Technology company Autobon AI is now testing its partially autonomous truck in regular traffic on the Jane Addams Tollway.
After successful tests by the Lisle, Illinois company’s co-founder, Krystian Gebis, on the Chicagoland Speedway track in Joliet, Autobon believes its innovative vehicle is ready for the main roadway. Still, a driver will stay behind the wheel.
“The driver still has full control,” said Gebis. “We want to make sure the truck isn’t weaving in the lane and it maintains a safe following distance. We want to make sure it’s very precisely driving.”
Transportation experts are saying tests like these will become more and more common in the near future, as trucks that are at least partially self-driving will hit the road in hopes of countering the current truck driver shortage in the freight industry.
The trucking industry is expected to be a top early implementer of autonomous technology for this very reason.
“There’s a significant shortage of drivers,” said director of the University of Illinois at Chicago’s Urban Transportation Center, P.S. Sriraj. “If you have a shortage of drivers, you have drivers working long hours and compromising their safety.”
According to Gebis, autonomous technology won’t be completely replacing truck drivers any time soon, but will provide an avenue for drivers to feel safer and at ease while on the road.
“You want to not have fatigue or stress be a factor in driving,” Gebis sad. “We are thinking of every possible way we can to make the job more enjoyable for drivers.”
However, how exactly these developments will come into play is still in question. Although autonomous driving tech engineers are staying busy, federal regulatory frameworks for automated vehicles is being drafted by transportation leaders as we speak.
Chairman Roger Wicker (R-Mississippi) confirmed in a hearing with safety agencies that the Senate Commerce Committee is currently collaborating with their House counterparts on the Energy and Commerce Committee to draft a new measure governing automated technology.

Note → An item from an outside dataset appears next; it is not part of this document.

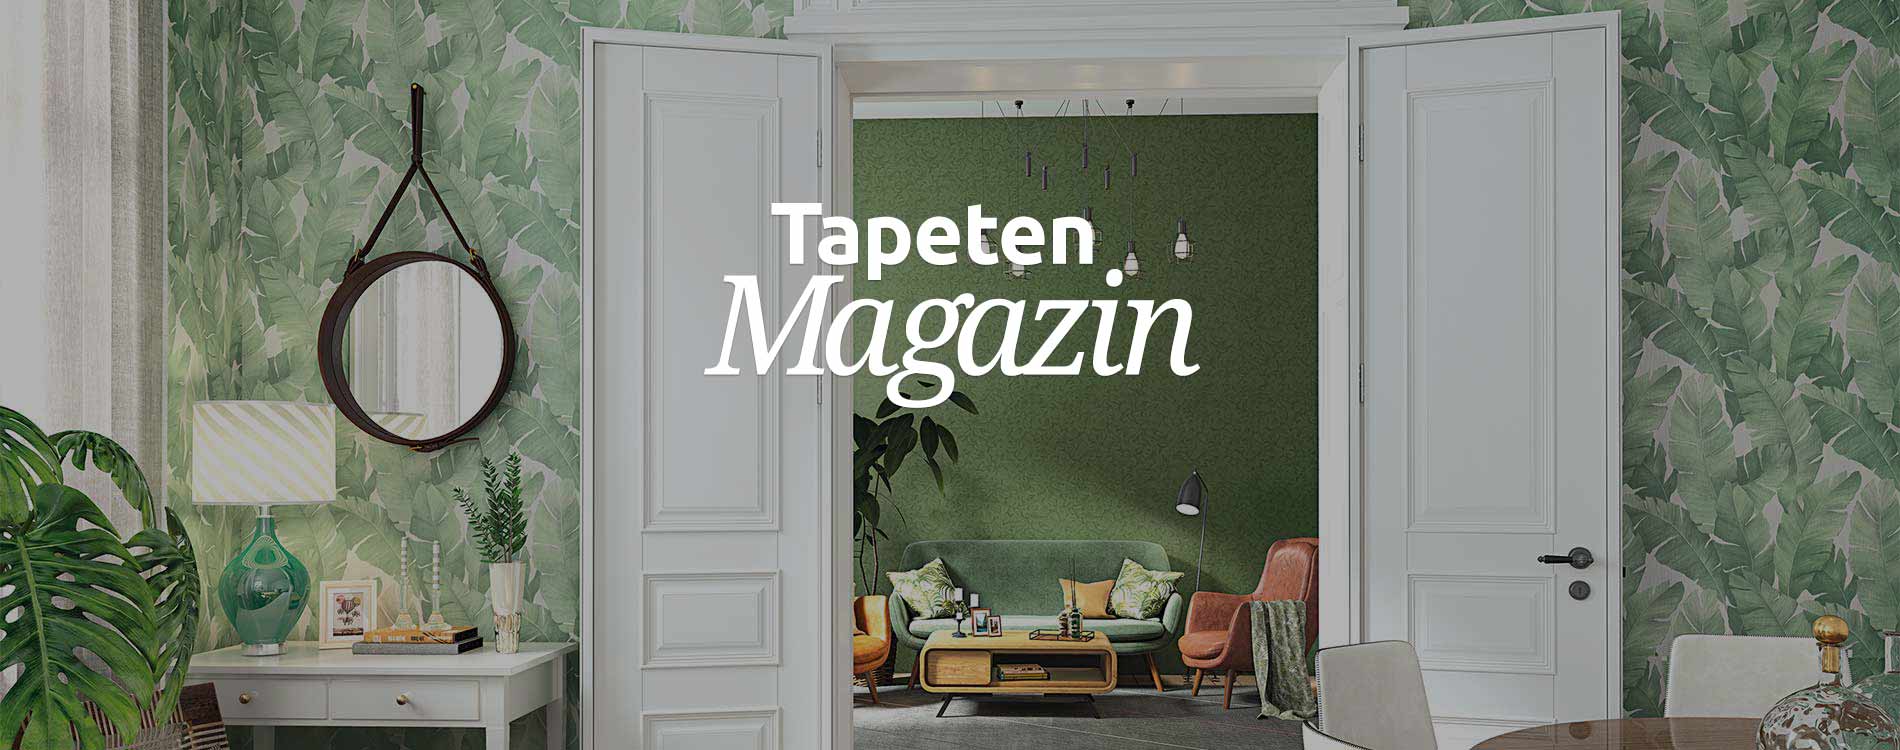 Das Tapeten Magazin Des Deutschen Tapeten Instituts Tapeten Magazin
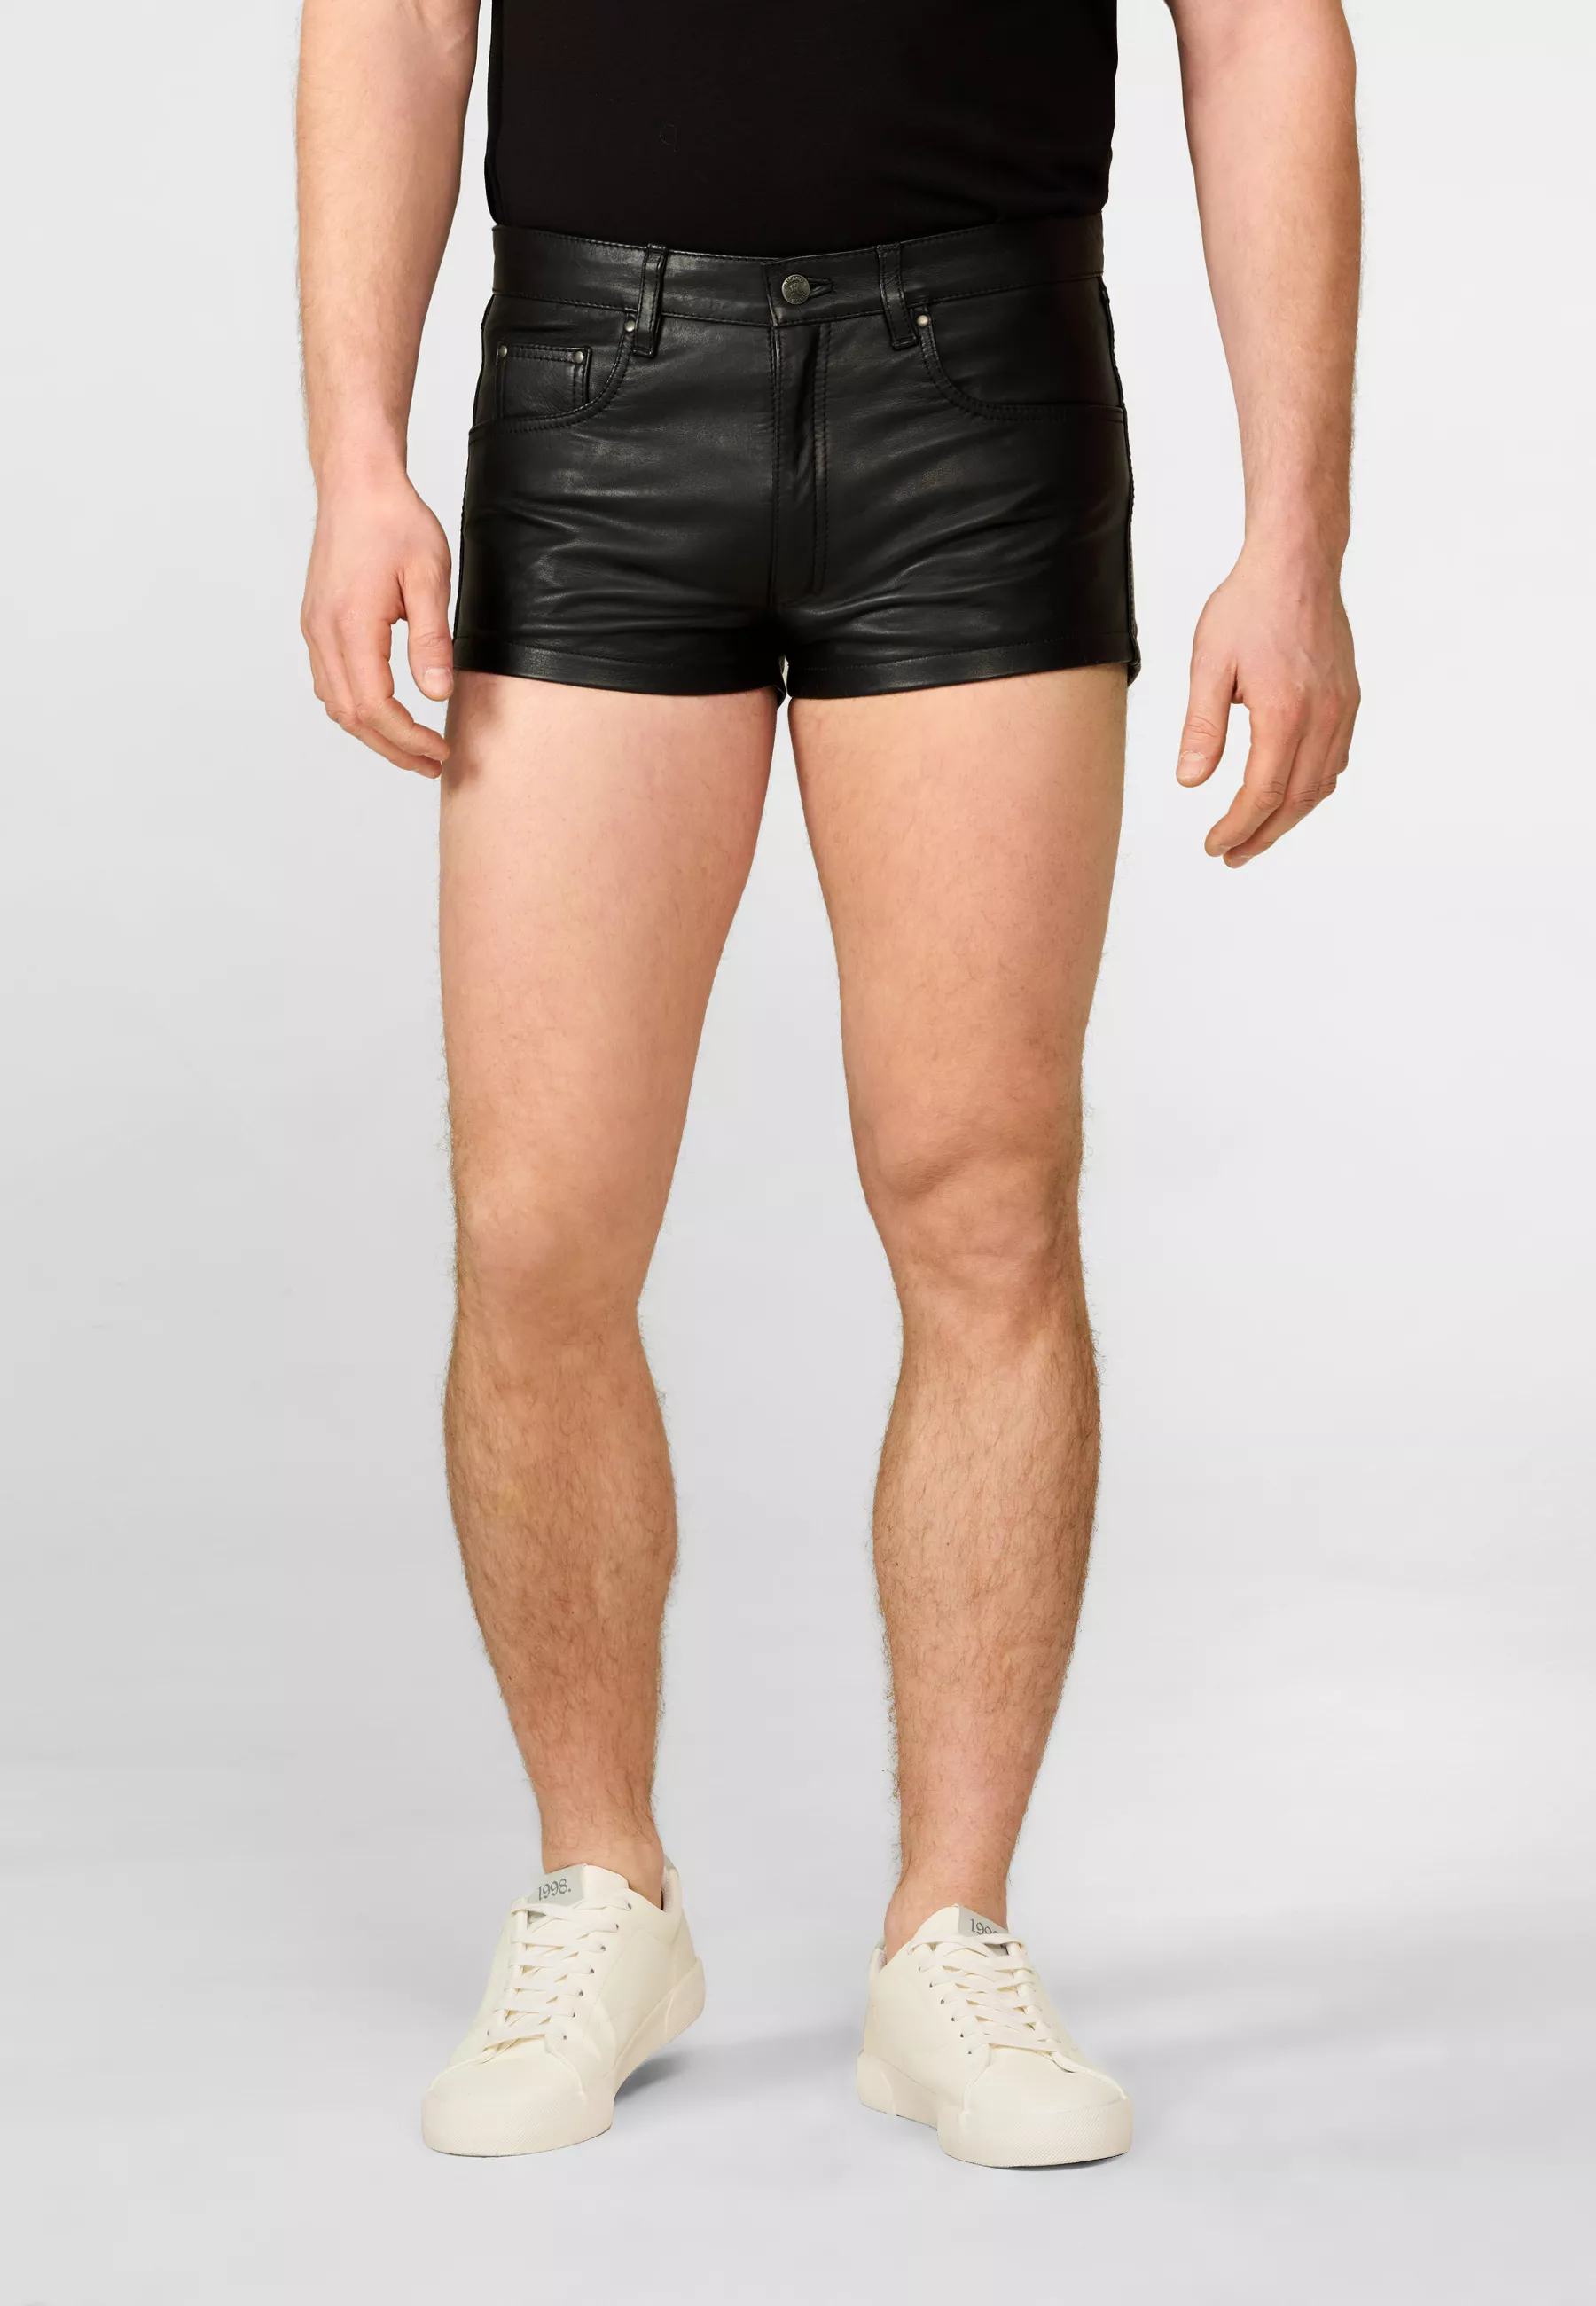 Herren Lederhose Shorts in Schwarz von Ricano, Frontansicht am Model

“As we continue to develop a regulatory framework, the discussion should also be driven by the potential benefits of [automated vehicles] to improve the country’s transportation systems,” said Wicker. “As technology continues to improve, AVs will be increasingly part of our daily lives. Therefore, it is up to us to ensure that the safety benefits of these vehicles are fully realized.”
Wicker also notes that without a national regulatory framework, other countries may have the opportunity to lead in the AV field.
Still, panel members stress that ensuring the safety of all roadway commuters is the top priority and is what will guide the legislative process this bill. Senators noted that over 36,000 people were killed in roadway crashes last year, according to the National Highway Traffic Safety Administration.
“Over the past three years, more companies have been putting automated vehicles out on the road, and sometimes ending in fatal consequences,” said Sen. Maria Cantwell (D-Washington). “In several of these accidents, the drivers were not paying attention to the roadway and [were] unable to intervene to avoid the crash. What we need to do is continue to learn from these lessons and make sure that we’re putting safeguards in place.”
One of the accidents to which Cantwell refers is 2018’s fatal accident involving Uber Technologies, Inc.’s developmental Automated Driving System and a pedestrian in Tempe, Arizona.
Autobon’s Gebis said he has many of his own family members working in the trucking industry, which is what led him to learn about crash-related issues. Because of this, he was able to combine his knowledge of trucking with his passion for robotics and start his company.
Now, Autobon AI has new technology that is able to replace a truck’s wind visor with one equipped with multidirectional cameras, sensors and GPS to aid the truck in responding to road conditions.
The truck’s steering wheel, accelerator, and brakes react to the incoming information from this equipment. The company also has an in-cab sun visor in the works that will have a camera to monitor drivers and make sure they aren’t distracted by fatigue or texting. Then, a remote control operator can check driver behavior and pull a truck over into an emergency lane if necessary.
According to Gebis, Autobon plans to sell this automated technology equipment for installation in trucks, as well as to sell the accompanying services, such as tools for delivery improvement and driver monitoring methods.
“We’re engaging with Autobon to develop a better understanding of emerging vehicle technologies and the way these advances could be used to increase safety on our roads,” said Jose Alvarez, Executive Director of the Illinois Tollway.
Chairman of the National Transportation Safety Board, Robert Sumwalt is wary of past ADS-related accidents, but acknowledges the potential for this technology to help decrease the number of crashes overall.
“A promise of the upcoming ADSes is that such systems will be safer than a human driver,” he said. “Until that promise is realized, the testing of developmental ADS–with all its expected failures and limitations–requires appropriate safeguards when conducted on public roads.”
A timeline for the measure to be put in place has not yet been announced.